# beach city dam



## KATKING

Does any one ever fish beach city dam or the back waters if so what can i expect to catch and what should i use for bait?


----------



## tcba1987

its shallow and muddy in the lake area, the best fishing is in the spillway for channel cats, flatheads and pike.


----------



## rockbass

I have heard of quite a few flatties being caught behind the dam, and lots of nicer channels being caught in the spillway. of course good numbers of pike and bass in there too. Just have to be careful of that place at night for the guys..............and vandals


----------



## kennedy327

rockbass said:


> Just have to be careful of that place at night for the guys..............and vandals


After reading some of the "art" on the bathroom walls at that place, I dont think I would go there at night without either a few tough friends or a dog or gun.

I went there the other day and caught nothing round the spillway but went down stream a tad and caught a few small bullheads. I really would like to catch a pike this year from either there or bolivar, not sure whats a good pike spot for there thought, I always try catching some gills for bait there but never do.
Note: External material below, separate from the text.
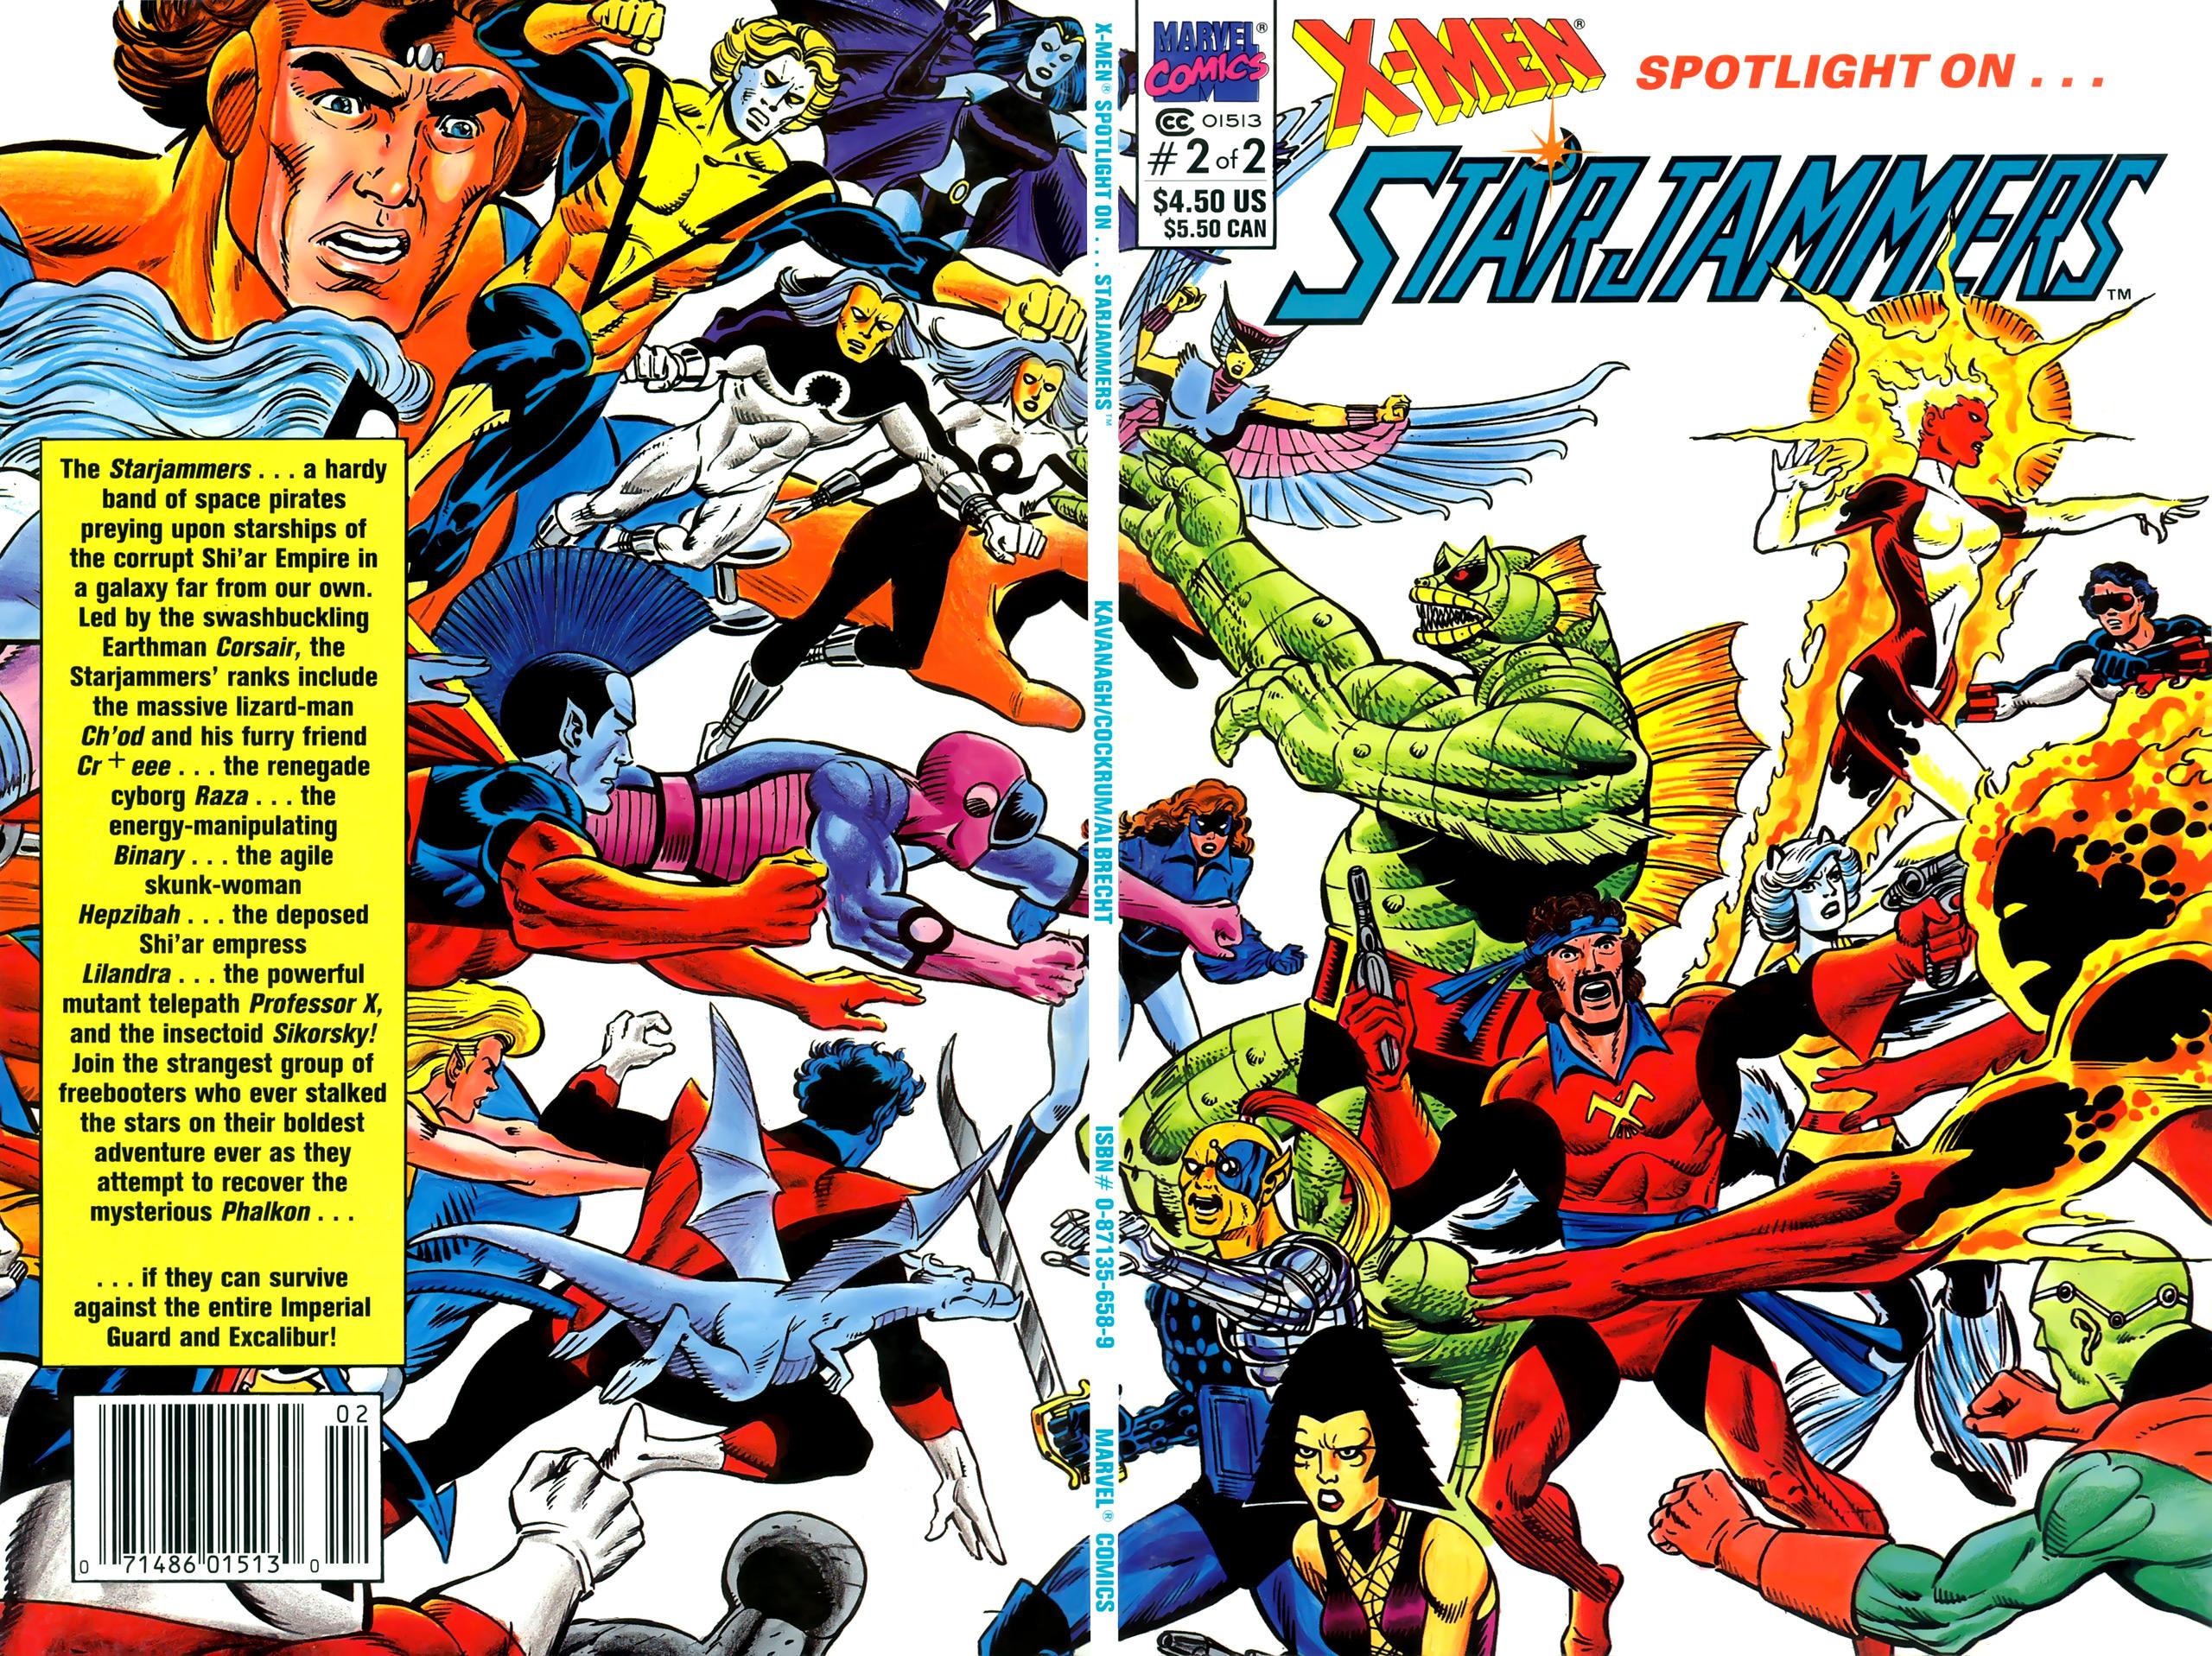 X-Men Spotlight On...Starjammers 2 Page 1

All I ever get is small bullhead, tons of small bullhead.

I have caught one tiny carp and seen my buddy pull out a big slab of a white crappie from there, water was much higher then though.


----------



## rockbass

Notice I said guys............  

I think I may have to go up there sometime to stock up on small bullheads. The fishing in there will be better when we get a good rain to bring the water levels way up.


----------



## Snobal

Stopped by the spillway on Saturday night (9/2) and they now have the dirt area blocked off for "authorized vehicles only". Before that, I was pulling 3 - 6 pound channels out where the little outbuilding is at on chicken. Of course, I could only seem to get one a night. I know a couple people who pull out the small bullheads on shrimp quite often.


----------



## rockbass

you and your chicken!  

I am having another all nighter on the 30th if you are interested!


----------



## KATKING

went there tonite and caught alot of small channels and one nice, about 4 pounds...of coursed they where all released...i fish there often if any one is interesting in ever going pm


----------



## tcba1987

Hey that chicken breast soaked in anise oil works !!! I doubt he is


----------



## H2O Mellon

tcba1987 said:


> Hey that chicken breast soaked in anise oil works


Man I remmeber a few years ago that was going to be my "Secret" Super Bait..... I've learned alot since then.


----------



## KATKING

they only thing about beach city dam from what i have heard about it you couldnt pay me enough to eat anything out of it...


----------



## Snobal

What have you learned since then H2O? Seems to work great and it stays on the hook!


----------



## KATKING

what do you do to the chicken breast ....if any one you would like to share your secert


----------



## Snobal

I guess its not much of a secret anymore. Thanks Brian!! LOL I buy the skinless/boneless chicken breast and cut 1 or 2 up into bite size pieces. Then i put the pieces in a ziploc freezer bag and dump in a bottle of anise oil. I always keep it refrigerated but I dont know if its really necessary or not. I just don't want to smell rotten chicken!


----------